Re: RFC: sapply() limitation from vector to matrix, but not further

Martin Maechler
On Tue, Dec 28, 2010 at 19:14, Tony Plate <[hidden email]> wrote:

> The abind() function from the abind package is an alternative here -- it can
> take a list argument, which makes it easy to use with the result of
> lapply().  It's also able take direction about which dimension to join on.
>
>> x <- list(a=1,b=2,c=3)
>> f <- function(v) matrix(v, nrow=2, ncol=4)
>> sapply(x, f)
>     a b c
> [1,] 1 2 3
> [2,] 1 2 3
> [3,] 1 2 3
> [4,] 1 2 3
> [5,] 1 2 3
> [6,] 1 2 3
> [7,] 1 2 3
> [8,] 1 2 3
>>
>> # The 'along=' argument to abind() determines on which dimension
>> # the list elements are joined.  Use a fractional value to put the new
>> # dimension between existing ones.
>>
>> dim(abind(lapply(x, f), along=0))
> [1] 3 2 4
>> dim(abind(lapply(x, f), along=1.5))
> [1] 2 3 4
>> dim(abind(lapply(x, f), along=3))
> [1] 2 4 3
>> abind(lapply(x, f), along=3)
> , , a
>
>     [,1] [,2] [,3] [,4]
> [1,]    1    1    1    1
> [2,]    1    1    1    1
>
> , , b
>
>     [,1] [,2] [,3] [,4]
> [1,]    2    2    2    2
> [2,]    2    2    2    2
>
> , , c
>
>     [,1] [,2] [,3] [,4]
> [1,]    3    3    3    3
> [2,]    3    3    3    3
>

Thank you, Tony.
Indeed, yes,  abind() is nice here (and in the good ol' APL spirit !)
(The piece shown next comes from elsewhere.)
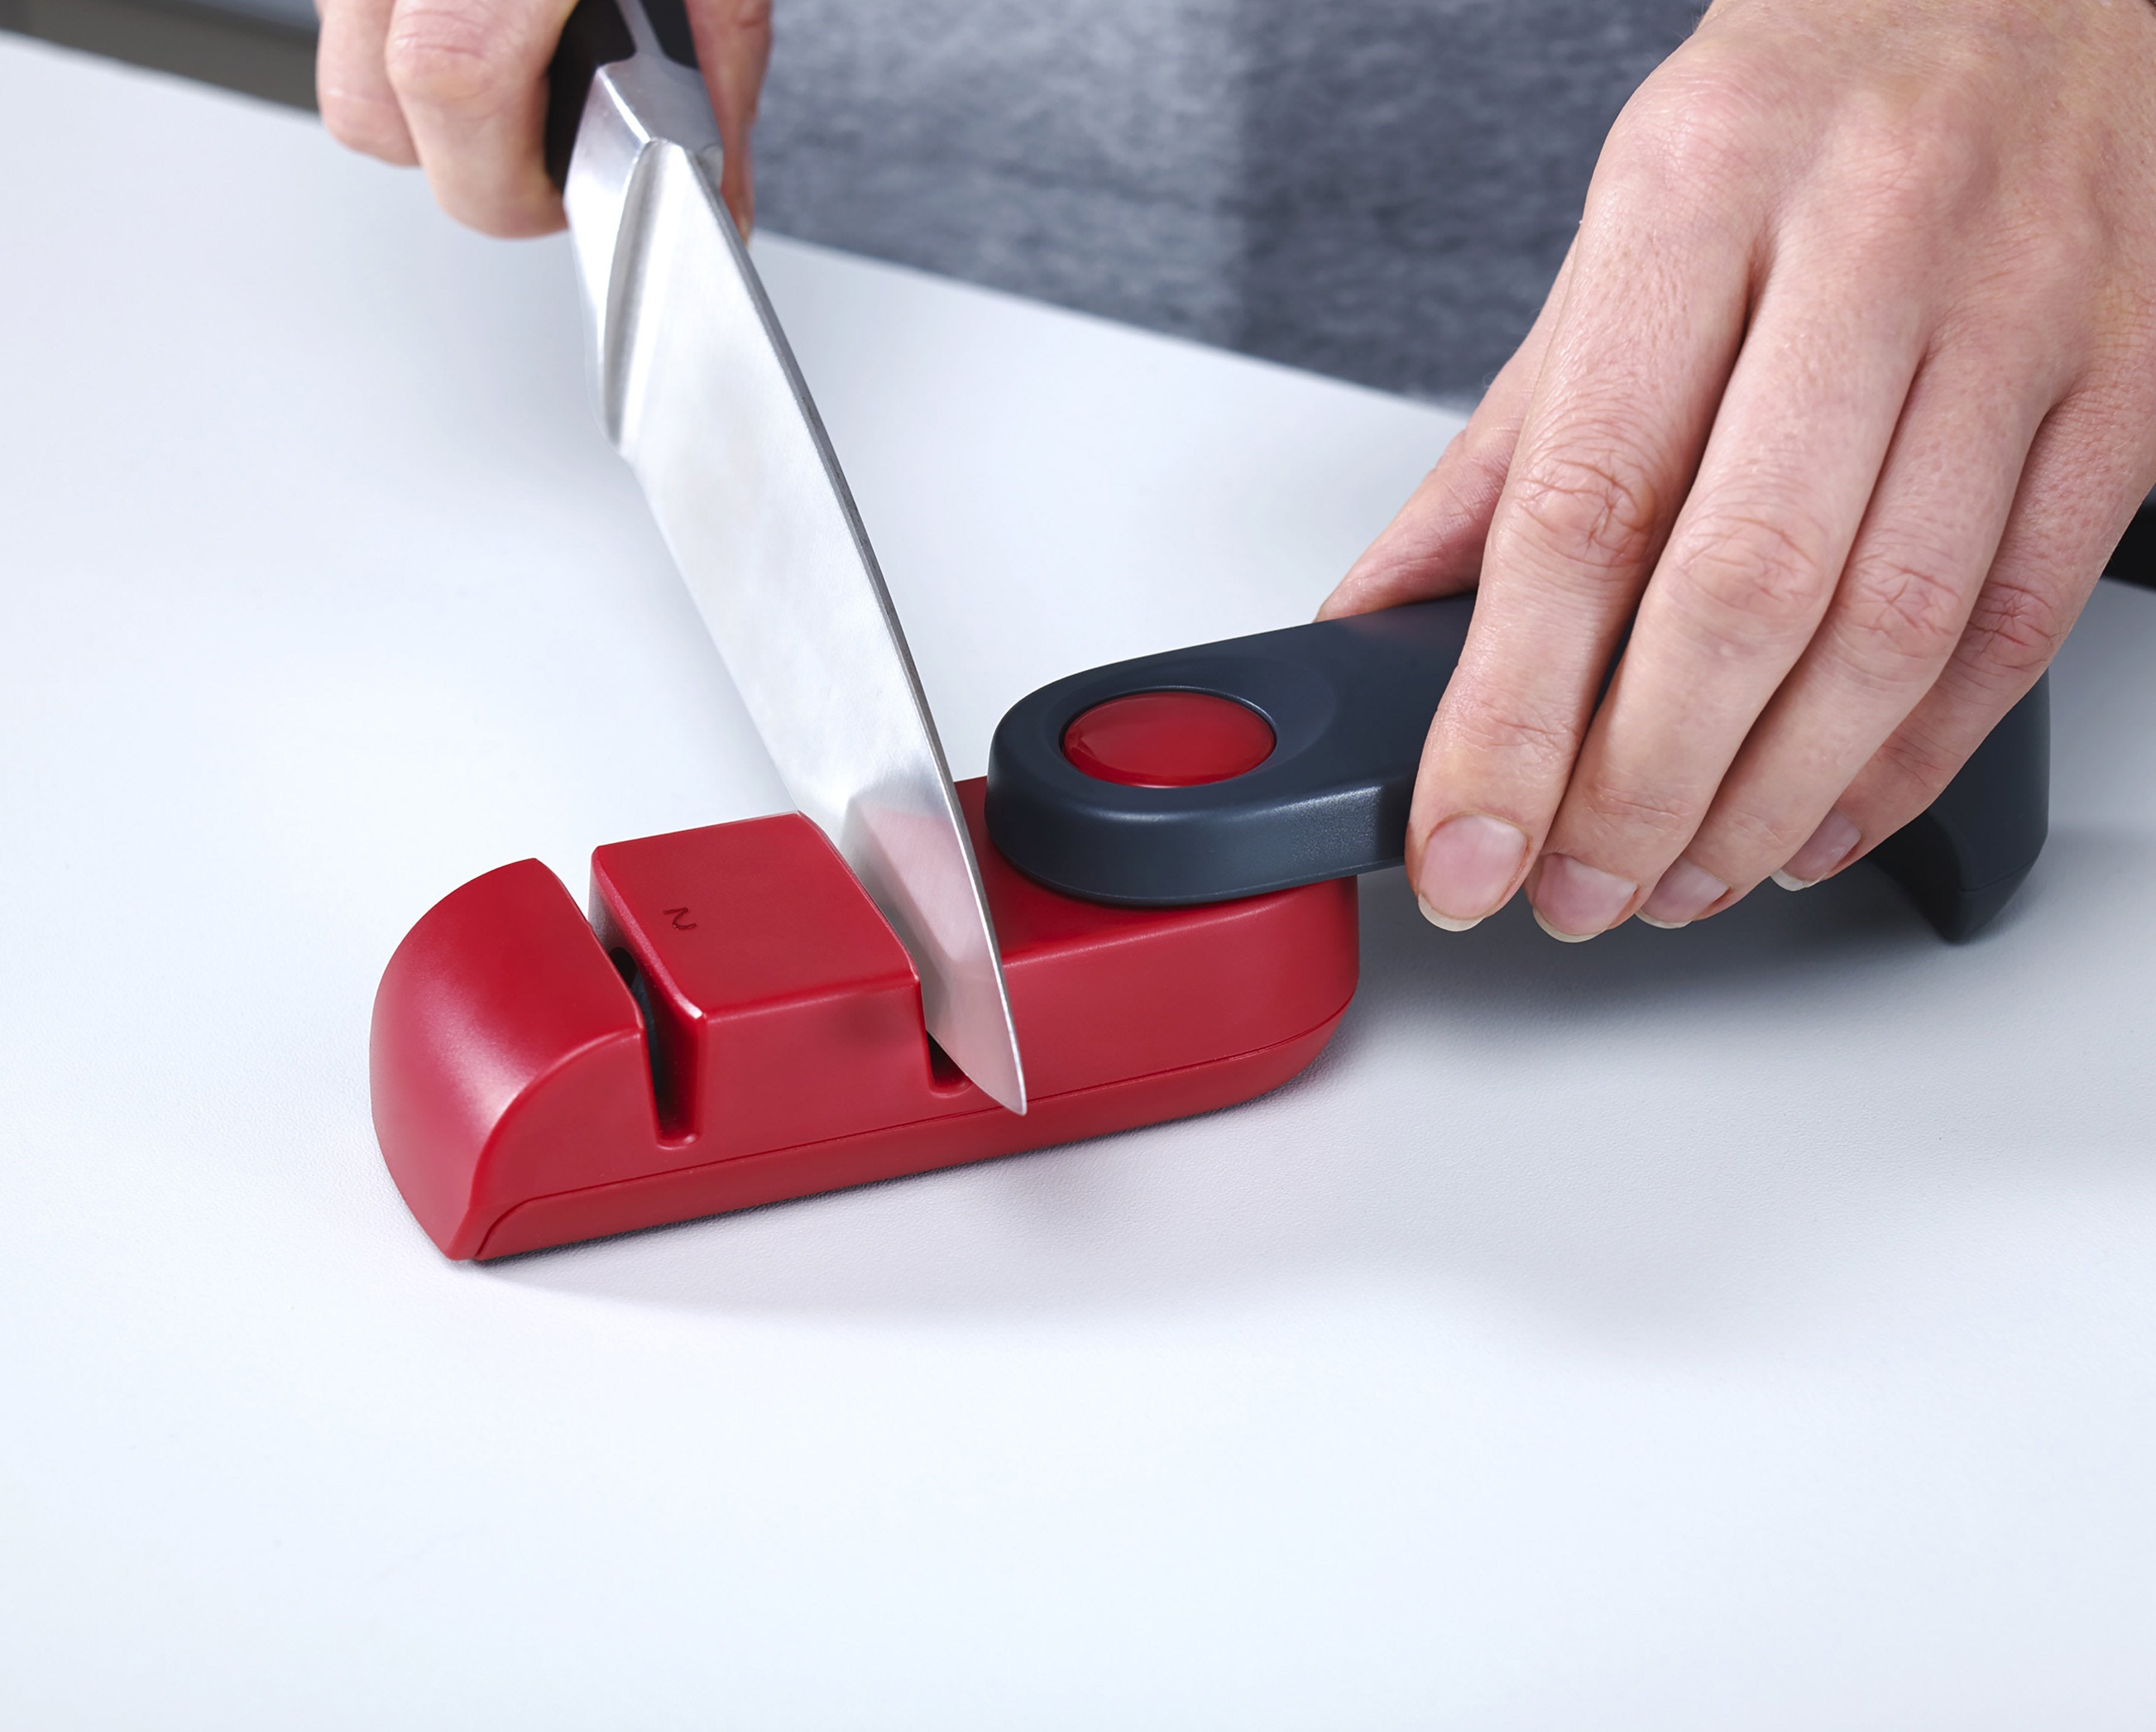 BEON.COM.AU  This stylish rotating knife sharpener can be neatly folded away for compact storage.  Twin ceramic sharpening wheels; course and fine Easy-grip handle and non-slip feet for added stability when sharpening Locks closed for compact storage Unique swivelling design  Specifications Care & use:  ... Joseph Joseph at BEON.COM.AU

Wanting to keep things both simple *and* fast here, of course,
hence I currently contemplate the following code,
where the new  simplify2array()  is  considerably simpler than  abind():

##' "Simplify" a list of commonly structured components into an array.
##'
##' @title simplify list() to an array if the list elements are
structurally equal
##' @param x a list, typically resulting from lapply()
##' @param higher logical indicating if an array() of "higher rank"
##'  should be returned when appropriate, namely when all elements of
##' \code{x} have the same \code{\link{dim}()}ension.
##' @return x itself, or an array if the simplification "is sensible"
simplify2array <- function(x, higher = TRUE)
{
    if(length(common.len <- unique(unlist(lapply(x, length)))) > 1L)
        return(x)
    if(common.len == 1L)
        unlist(x, recursive = FALSE)
    else if(common.len > 1L) {
        n <- length(x)
        ## make sure that array(*) will not call rep() {e.g. for 'call's}:
        r <- as.vector(unlist(x, recursive = FALSE))
        if(higher && length(c.dim <- unique(lapply(x, dim))) == 1 &&
           is.numeric(c.dim <- c.dim[[1L]]) &&
           prod(d <- c(c.dim, n)) == length(r)) {

            iN1 <- is.null(n1 <- dimnames(x[[1L]]))
            n2 <- names(x)
            dnam <-
                if(!(iN1 && is.null(n2)))
                    c(if(iN1) rep.int(list(n1), length(c.dim)) else n1,
                      list(n2)) ## else NULL
            array(r, dim = d, dimnames = dnam)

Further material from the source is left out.